■ TASK INSTRUCTIONS
Repeat the lines of the data exactly and exclude any picture among them.

■ SUPPLIED INFORMATION
========================================================================

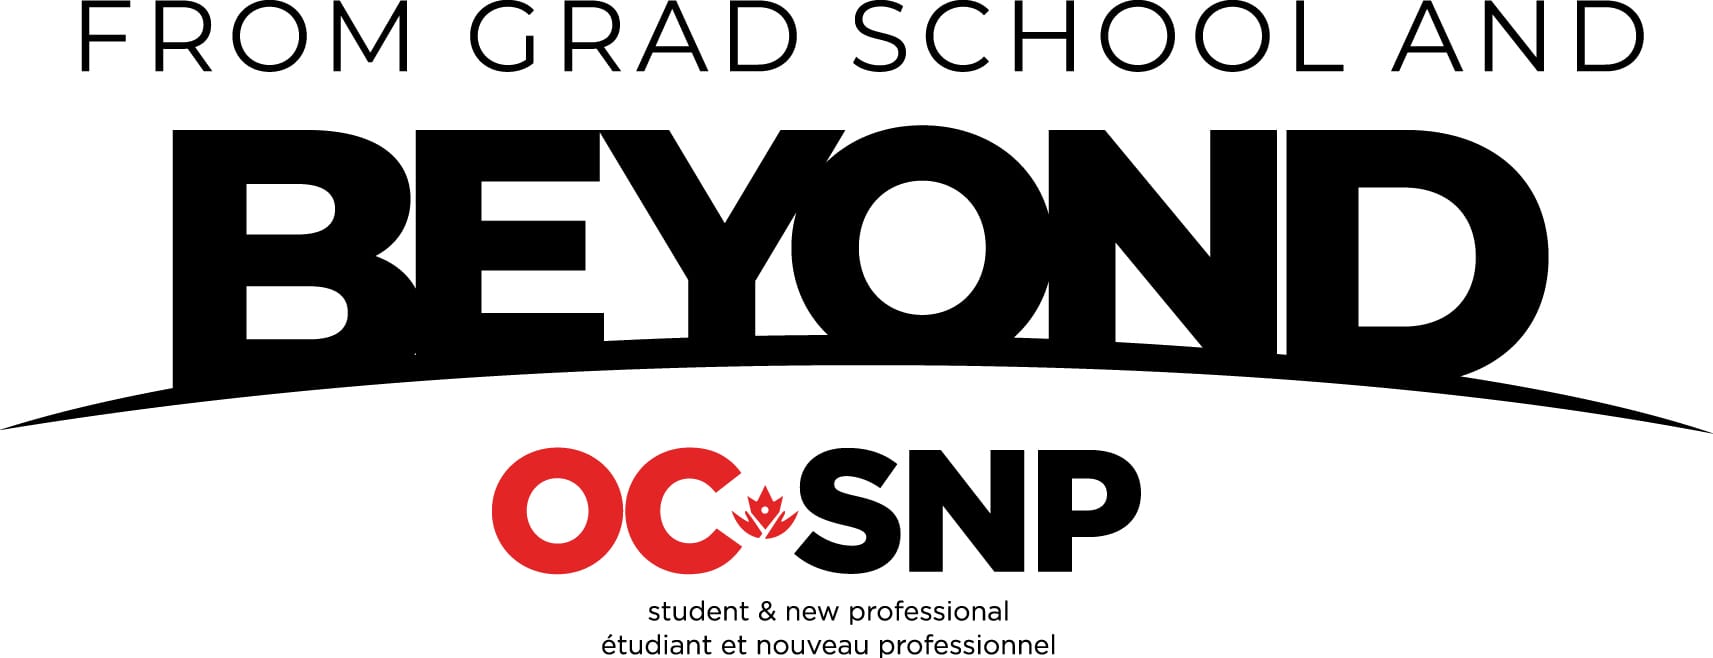 Logo of oc snp: bold text "from grad school beyond," a red stylized maple leaf above "oc snp" acronym, and "student & new professional" tagline in french and english.
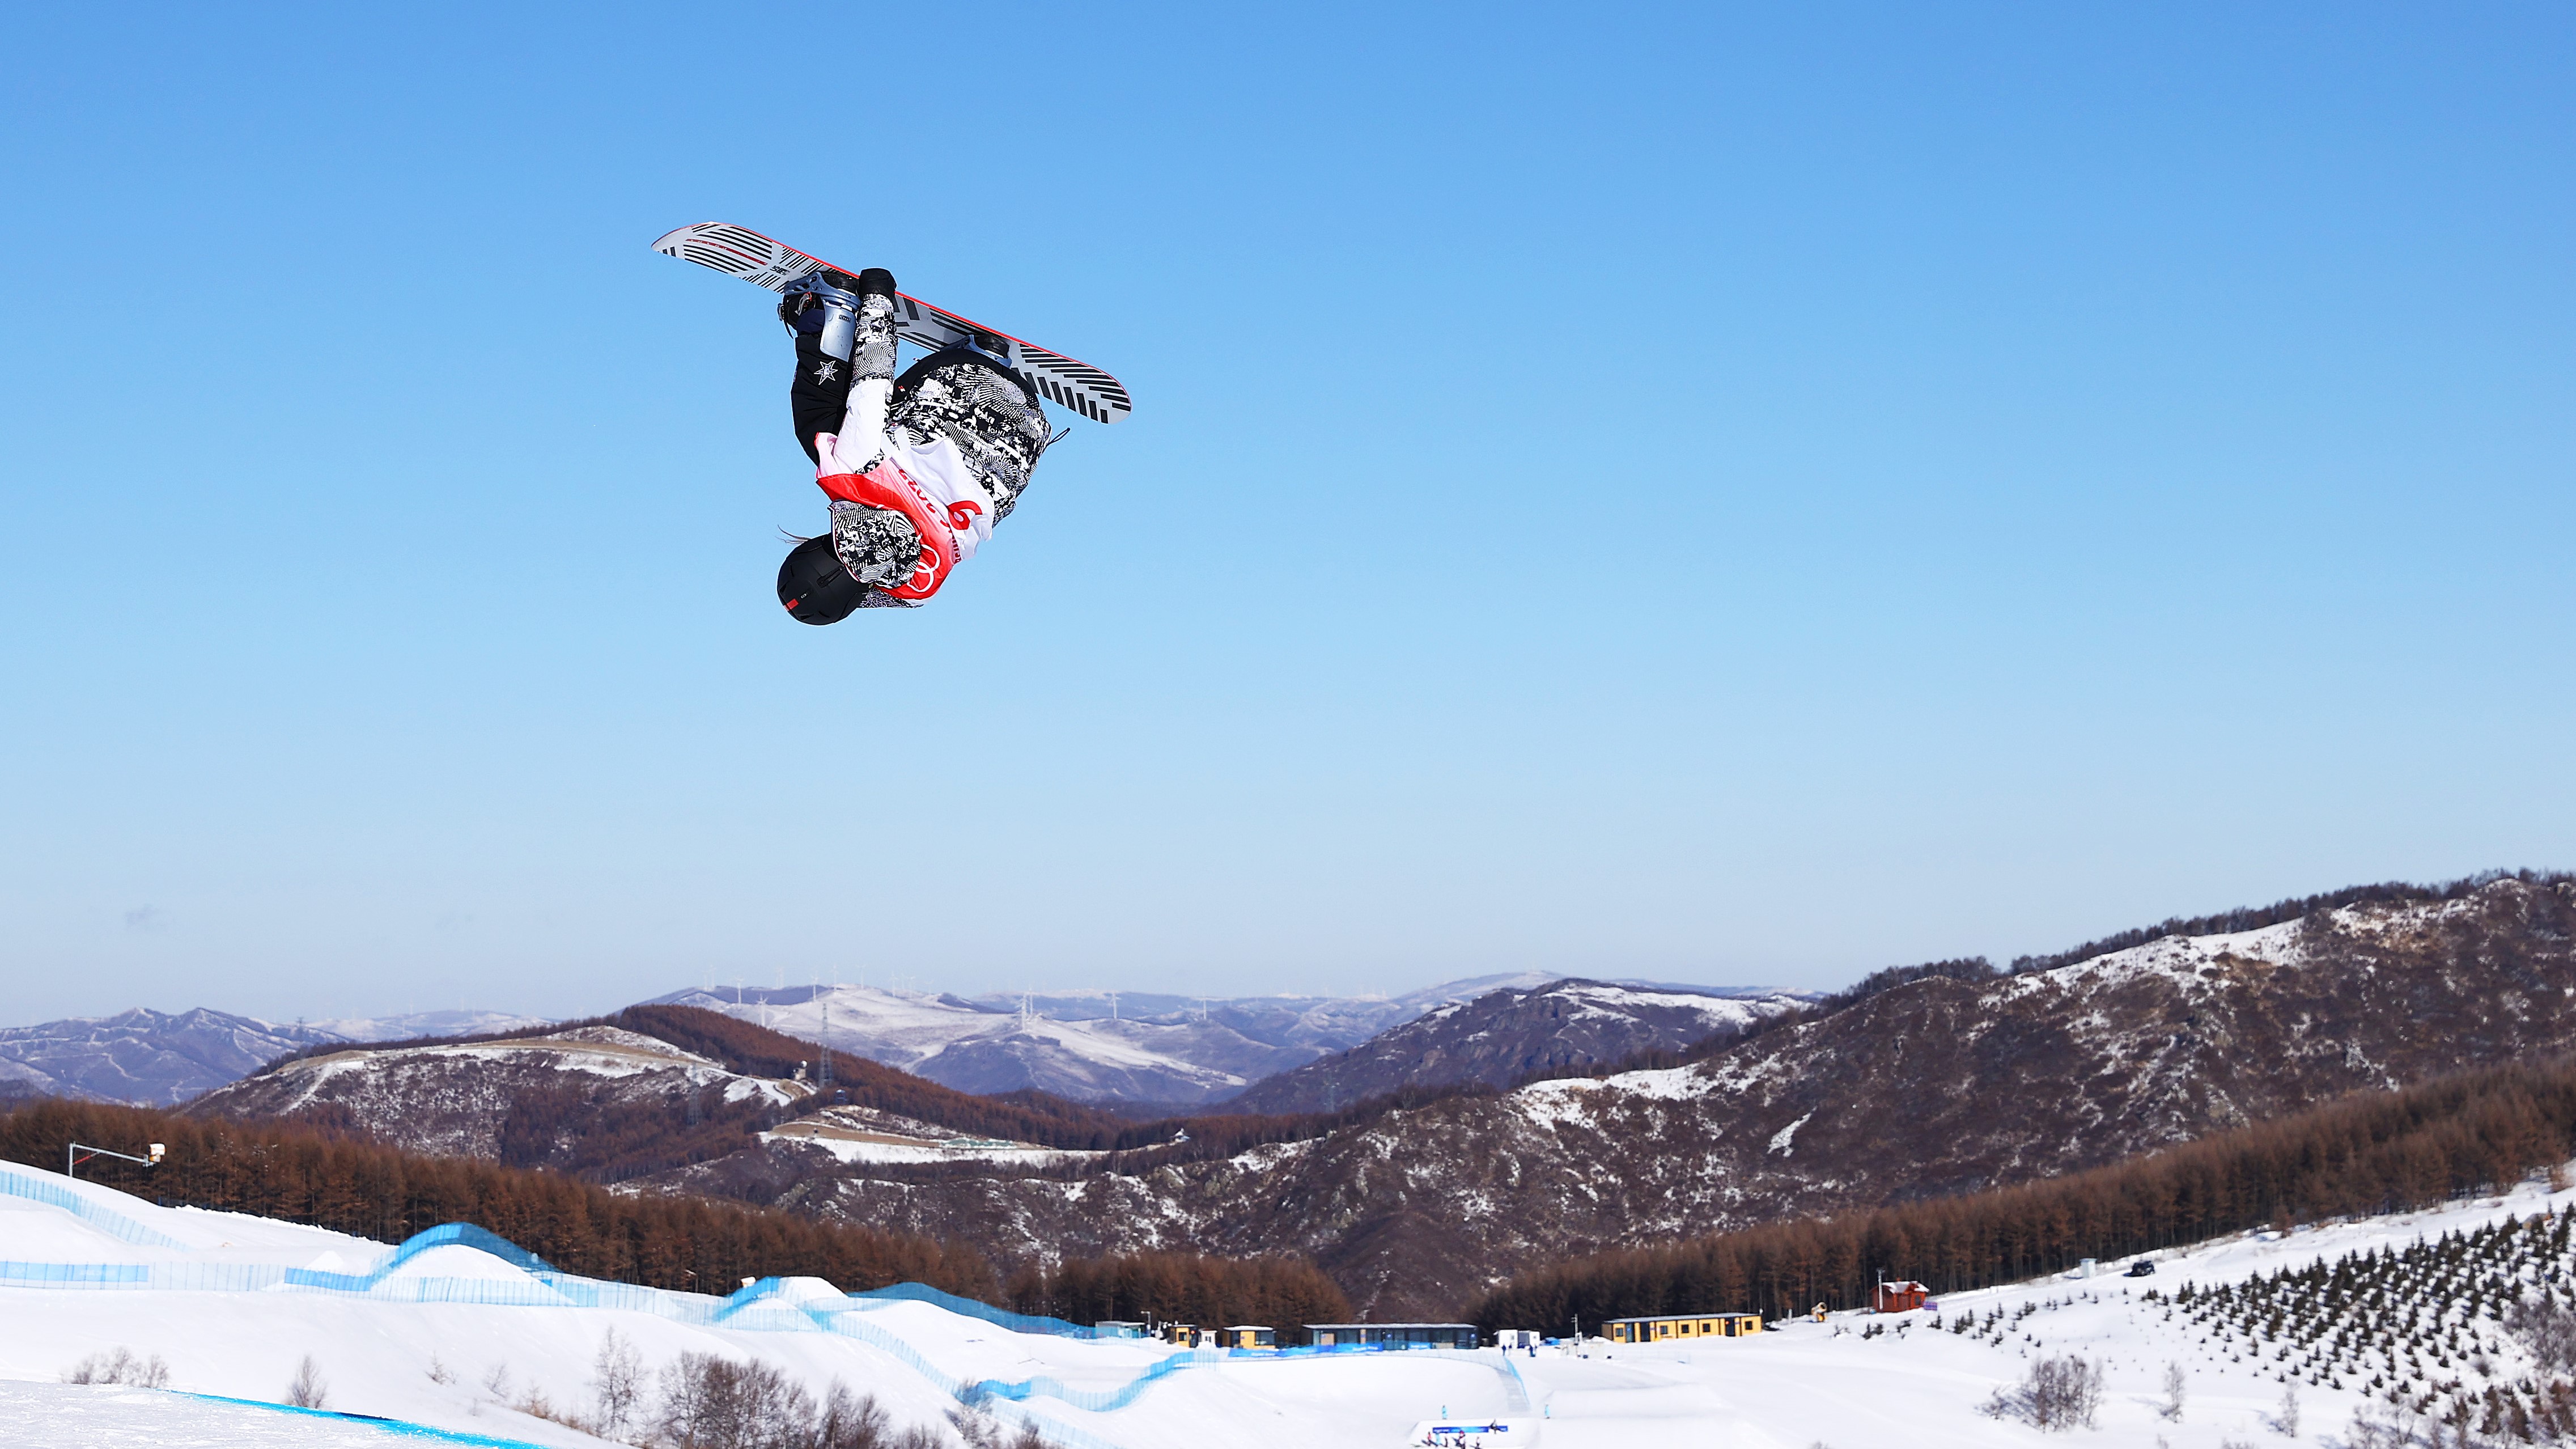 USAs Julia Marino Takes Silver In Womens Snowboarding Slopestyle Event at 2022 Winter Olympics
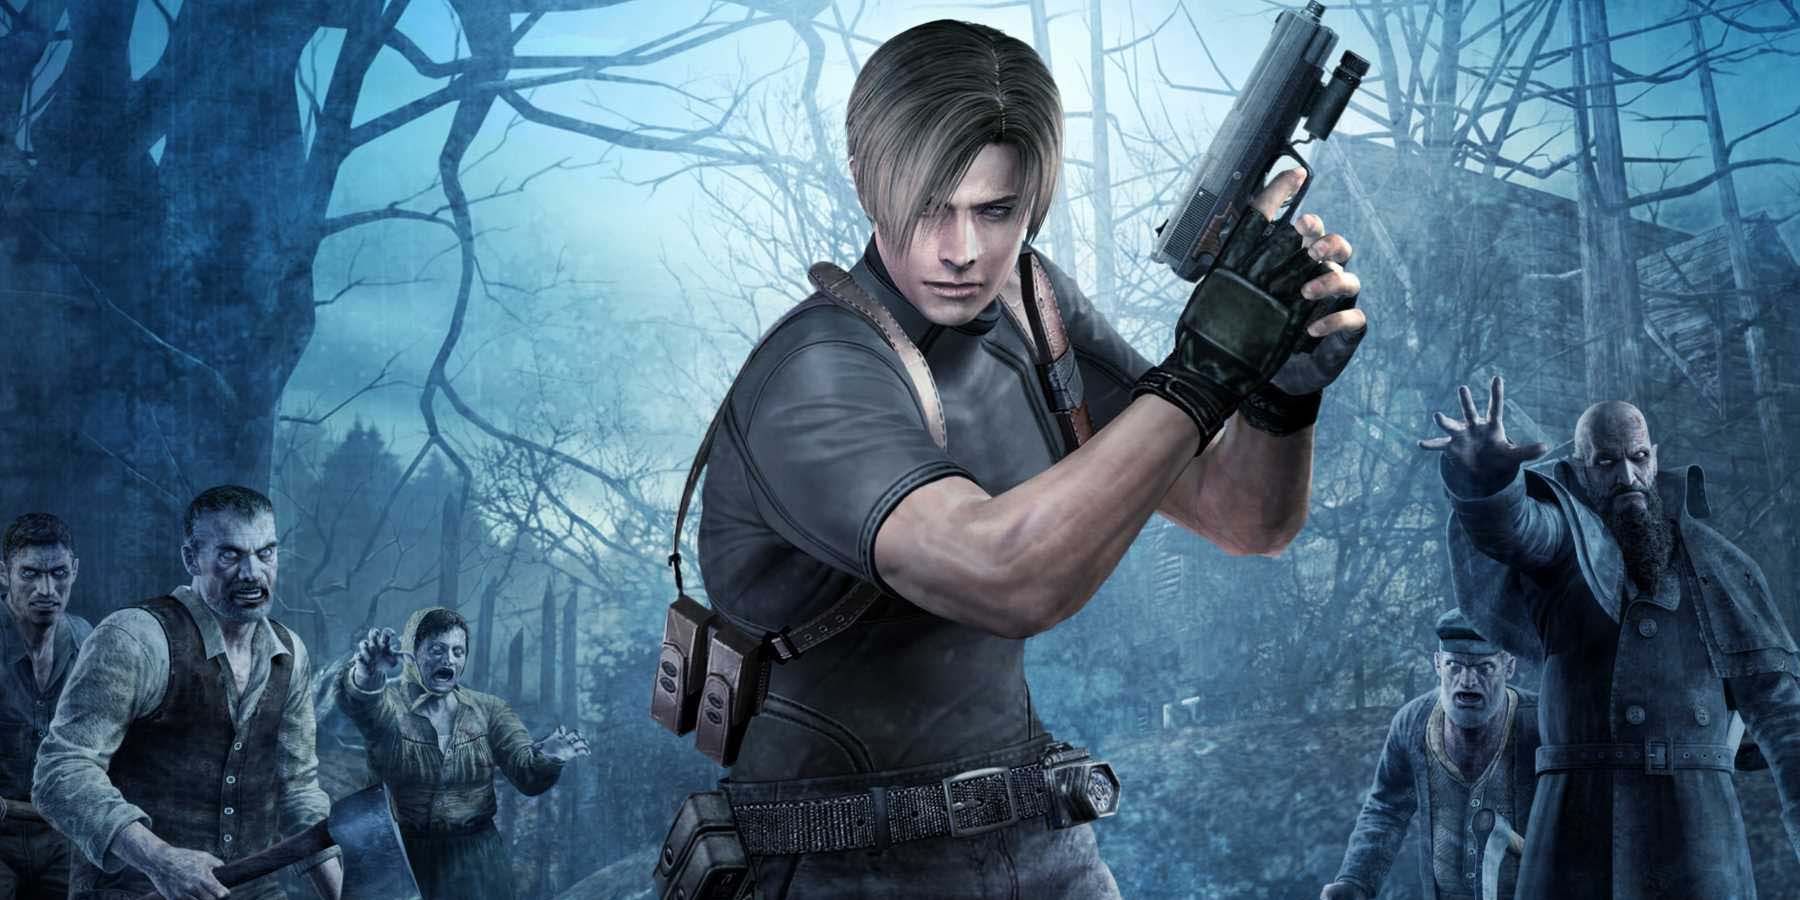 Resident Evil 4 Remake Has Been Teased or Leaked So Much That It Has to be Real

========================================================================

■ REPLY TO THE TASK
 Logo of oc snp: bold text "from grad school beyond," a red stylized maple leaf above "oc snp" acronym, and "student & new professional" tagline in french and english.
 USAs Julia Marino Takes Silver In Womens Snowboarding Slopestyle Event at 2022 Winter Olympics
 Resident Evil 4 Remake Has Been Teased or Leaked So Much That It Has to be Real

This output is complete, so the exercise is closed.